Editorial | SMH | May 24, 2011
THE O'Farrell government's pursuit of mandatory life sentences for those convicted of murdering police makes no sense. Like most serious crimes, the offence has many gradations - from cold-blooded premeditated execution through to irrational, spur-of-the-moment violence. No one suggests the state does not owe police a high duty of care or that the taking of a police officer's life should not be harshly punished. But exempting the murder of a police officer from the application of judicial discretion goes beyond enshrining police in a privileged legal status that holds a police officer's life is more precious than that of other citizens, including those called on occasionally to put themselves in harm's way so that others can be safer.
The exemption goes to the issue of legal effectiveness. If the murder of police does not warrant a judge's cool and wise weighing of factors of criminal severity and circumstance, why should we bother with judicial discretion in sentencing for any offence?
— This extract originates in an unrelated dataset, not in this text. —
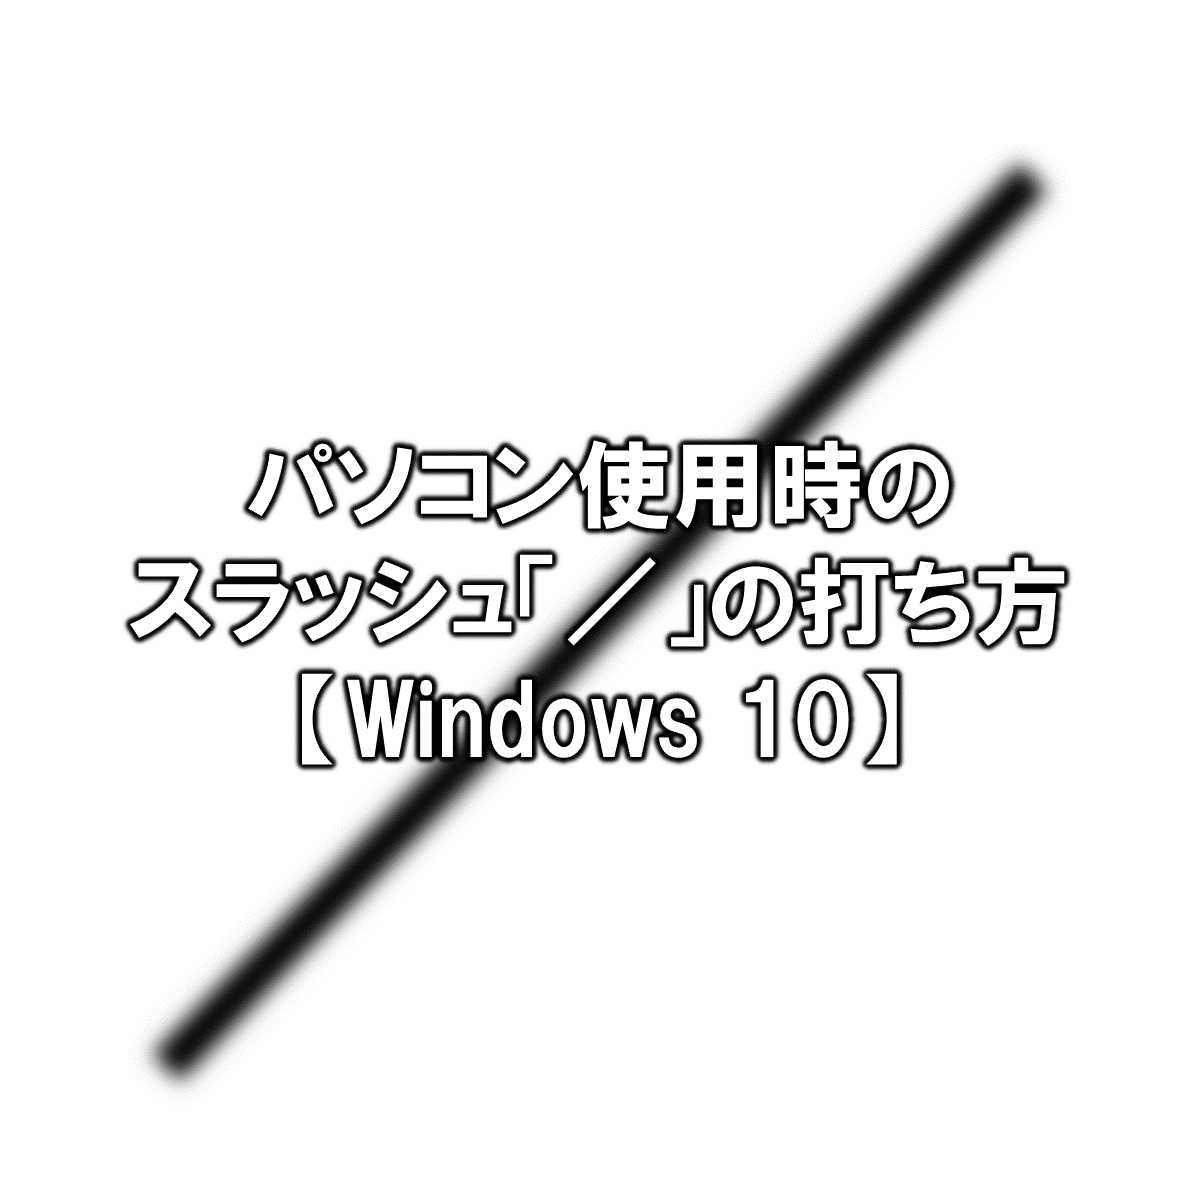 パソコン使用時のスラッシュ の打ち方 Windows10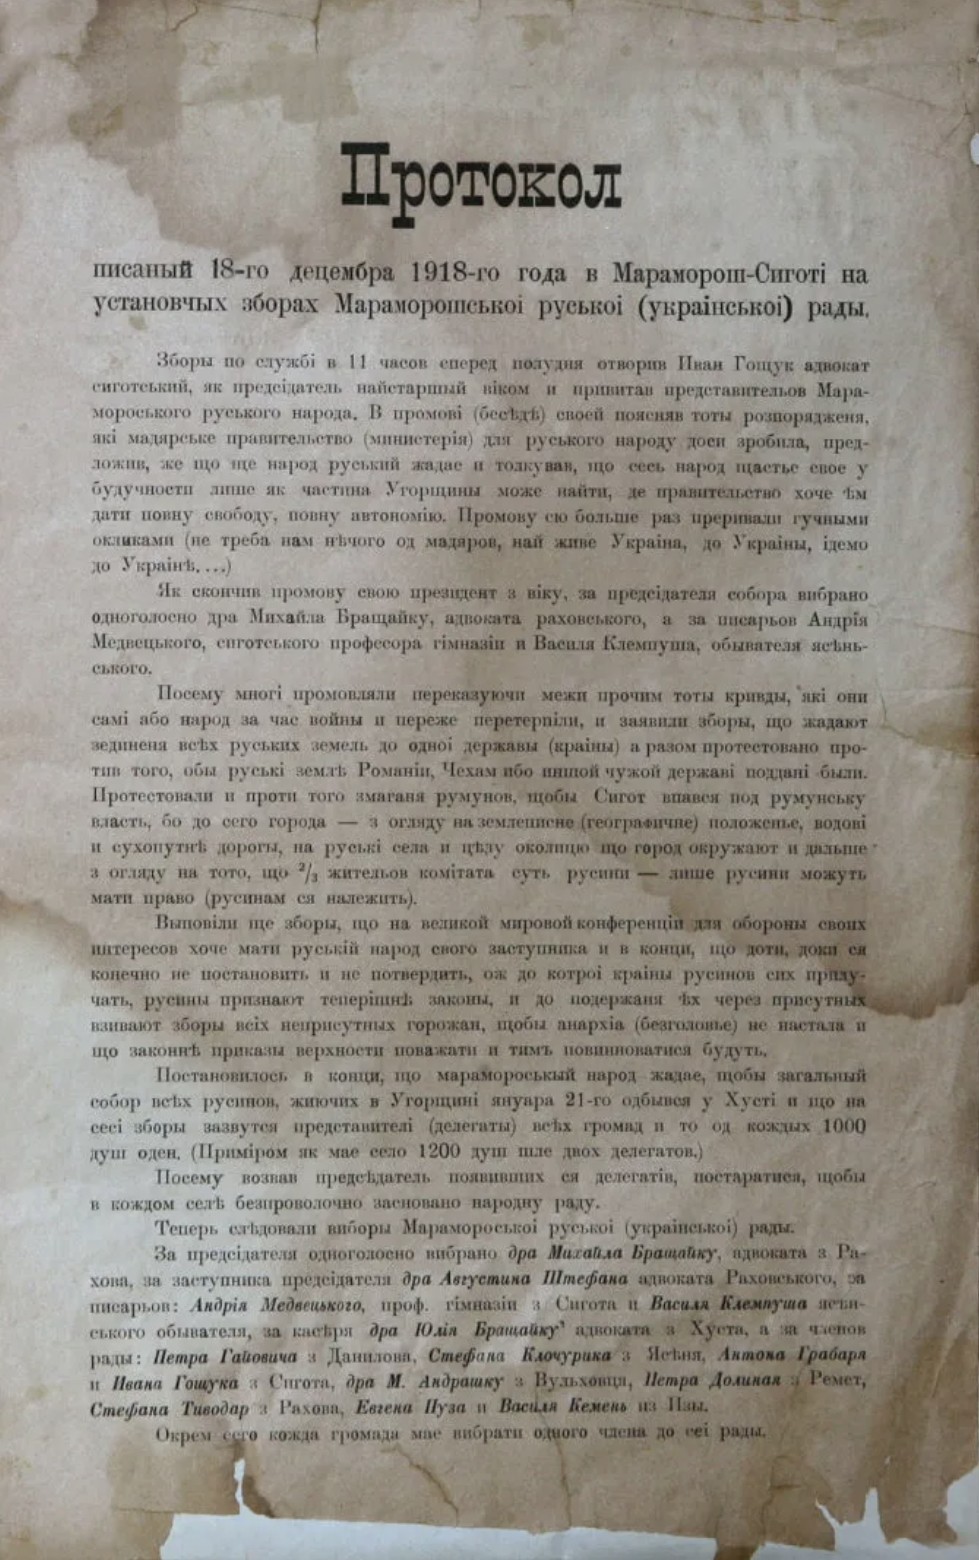 Короткый протокол Мараморошской Руськой Рады (Сигіт, 18. децембра 1918). Рада ся одбыла в політично неясній добі. 

Simply apply a mandated punishment to fit crime categories across the board, as was tried in NSW with such spectacular failure in the 1890s. Indeed, that initiative was promptly revoked when colonials came to recognise that punishments exceeded the crimes.
The government suggests none of us should be surprised by its announcement of legislation this week to ensure future convicted murderers of police are never released from jail. The Premier said it had been Coalition policy since 2002. But that is only one element of public expectation because the Attorney-General, Greg Smith, promised before the election, and seemingly authoritatively, to end the law-and-order auction that traditionally preceded NSW state polls.
Like his former boss Nick Cowdery, Smith must know that the singling out of murdered police is little more than a sop to the police union and others whose antagonism to judicial discretion appears predicated on the strange notion that being locked away in a jail for several years is a cakewalk, that any sentence short of ''never to be released'' is an incentive to do evil, that the dead are dishonoured and justice is denied if their killers do not cop an eye for an eye.
Smith served as a deputy to Cowdery when the latter was the NSW director of public prosecutions. Now the master admonishes the apprentice. ''It is surprising that a lawyer with Greg Smith's experience would support a retrograde move towards mandatory sentencing knowing that it produces injustice and has no effect in preventing crime,'' Cowdery said.
Welcome to the realpolitik, Mr Smith.